What the task requires ▸
Each line below should be retyped exactly, with no pictures.

Start of Dataset excerpt

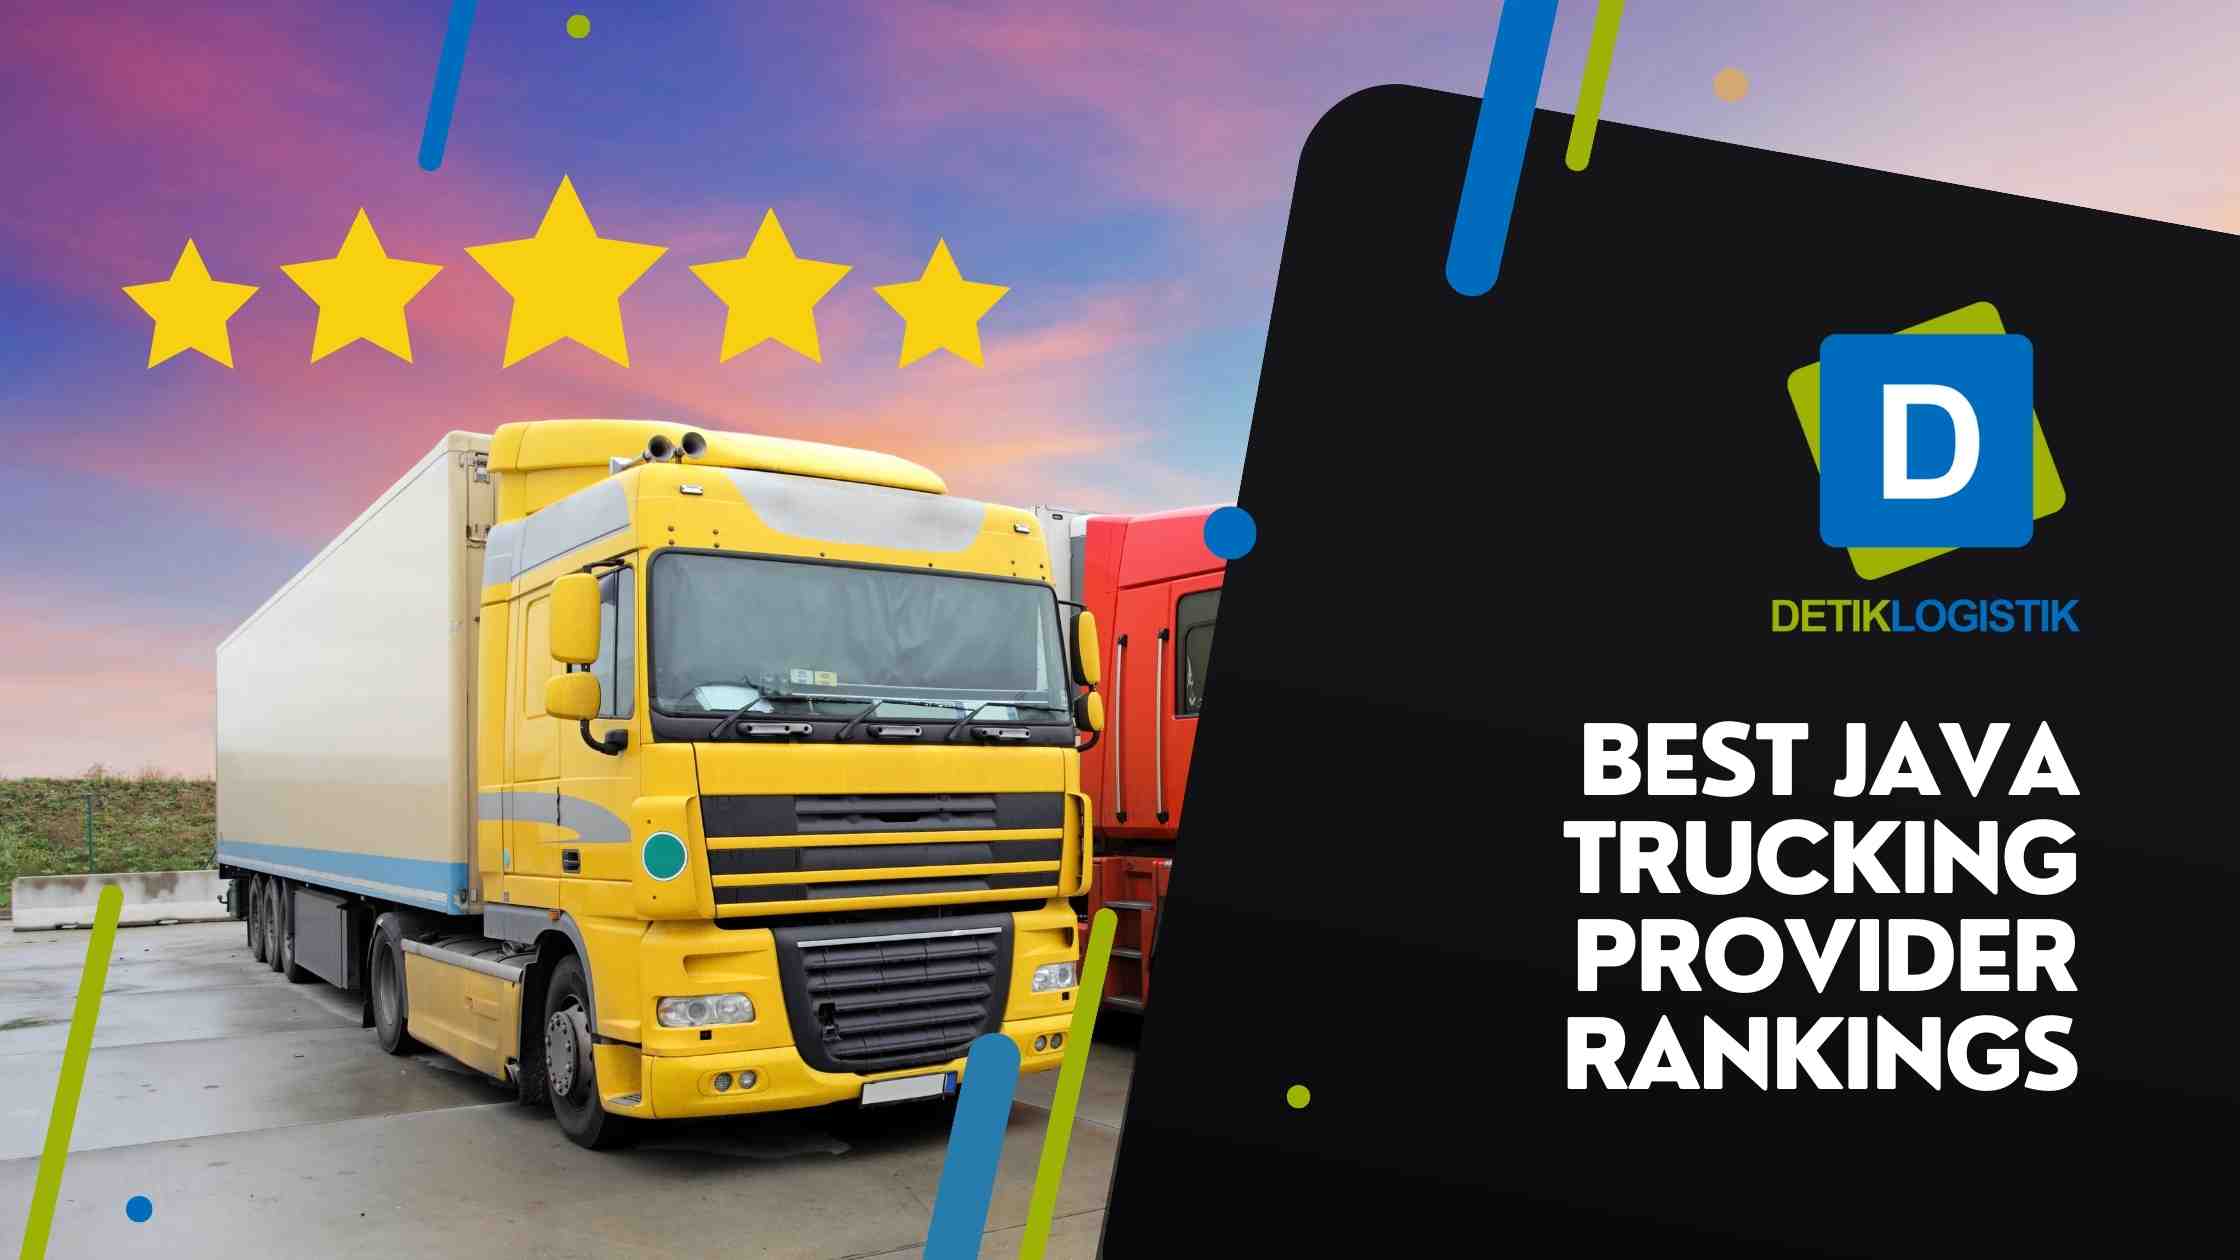 Best Java Trucking Provider Rankings - Detik Logistik
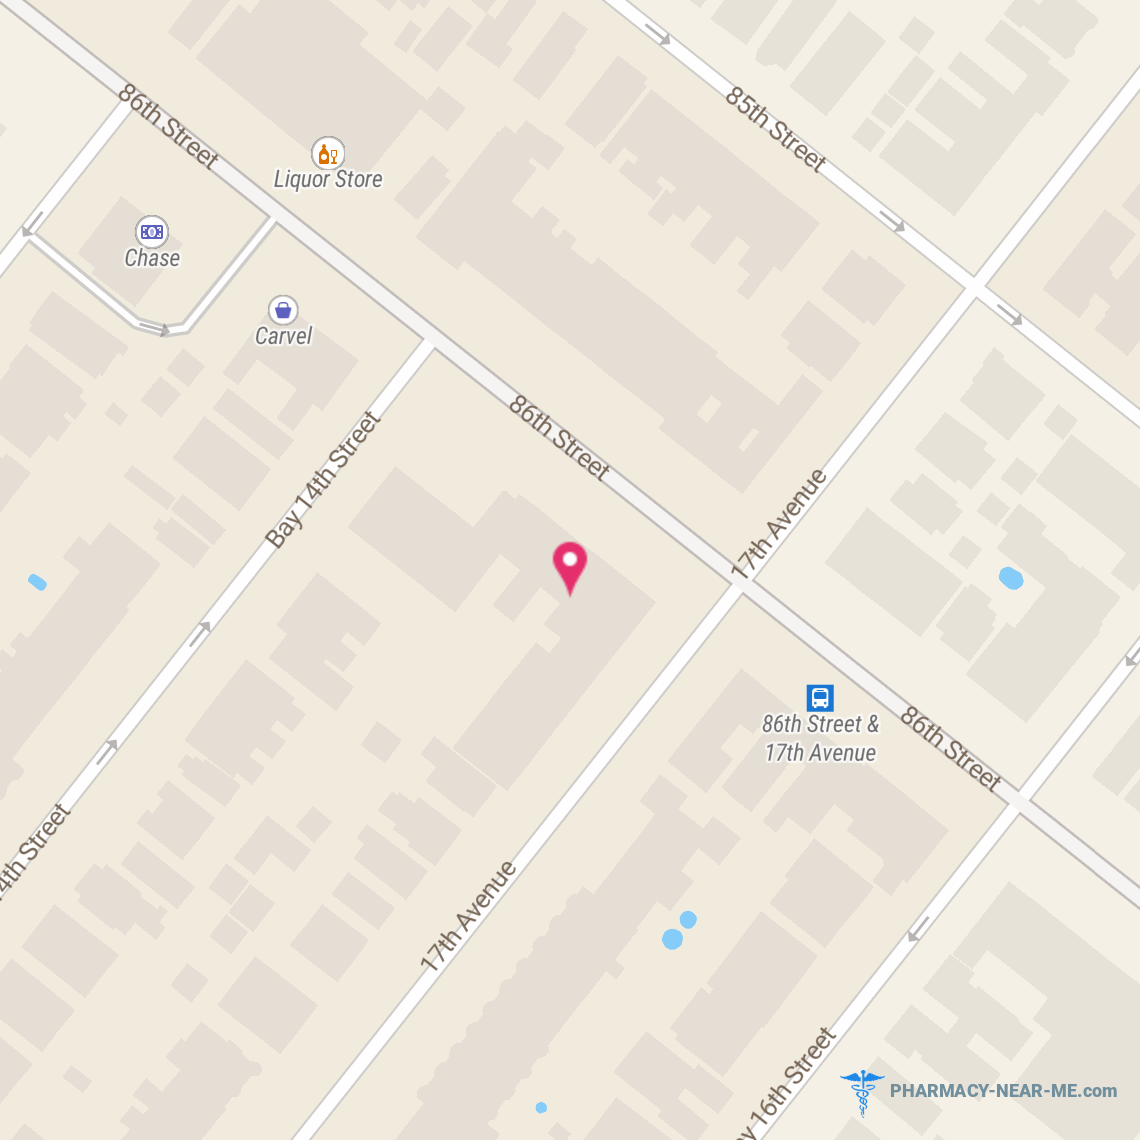 OHANA PHARMACY INC. - Pharmacy Hours, Phone, Reviews & Information: 1690 86th Street, Brooklyn, New York 11214, United States
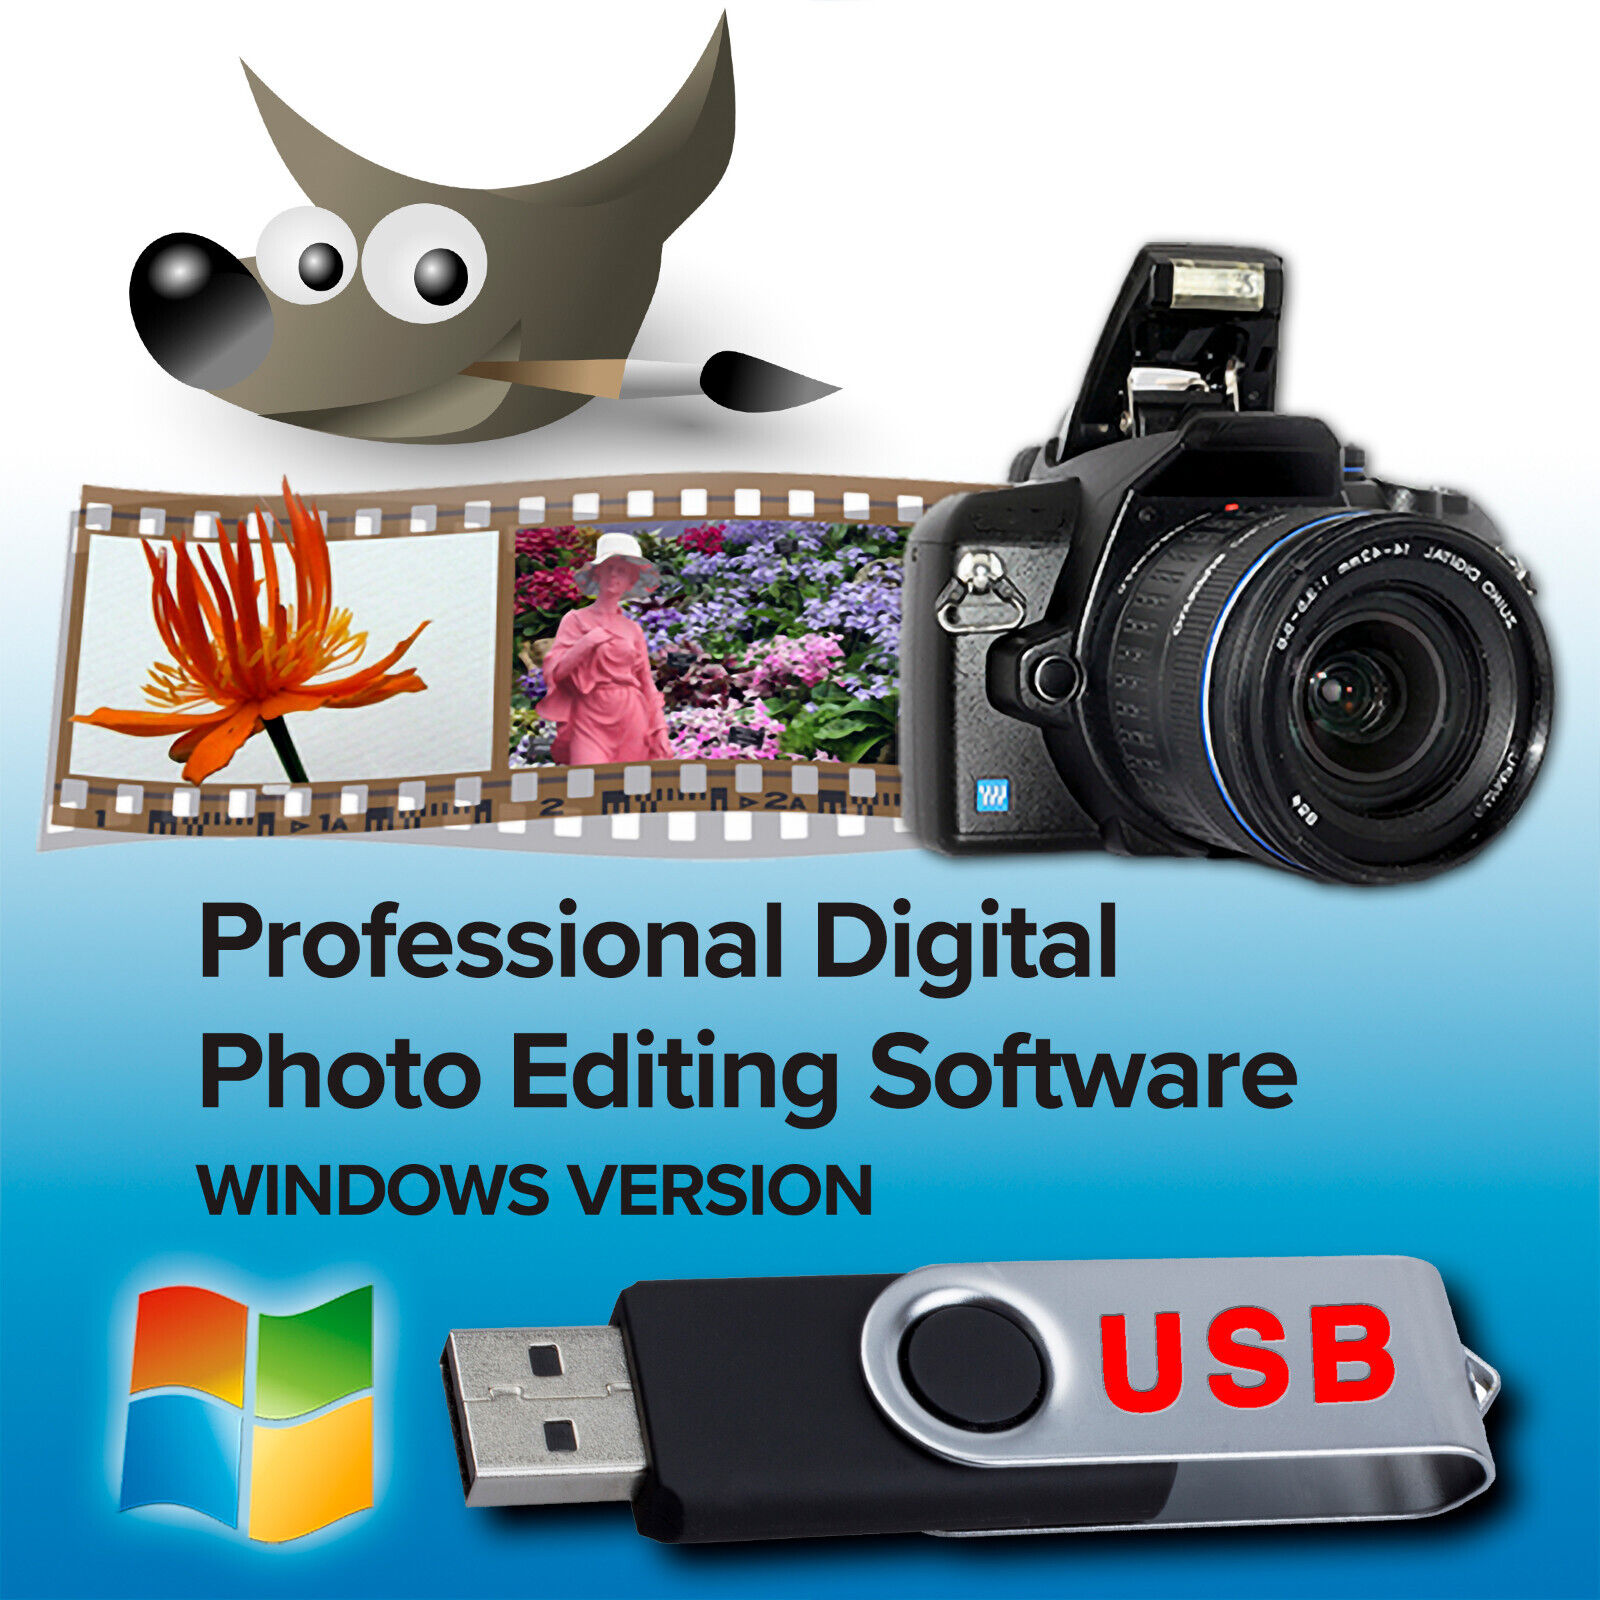 NEW PRO Photo Graphic Design Image Editing Software-GIMP-w Photo shop Guide-USB

End of Dataset excerpt

Exercise answer ▸
 Best Java Trucking Provider Rankings - Detik Logistik
 OHANA PHARMACY INC. - Pharmacy Hours, Phone, Reviews & Information: 1690 86th Street, Brooklyn, New York 11214, United States
 NEW PRO Photo Graphic Design Image Editing Software-GIMP-w Photo shop Guide-USB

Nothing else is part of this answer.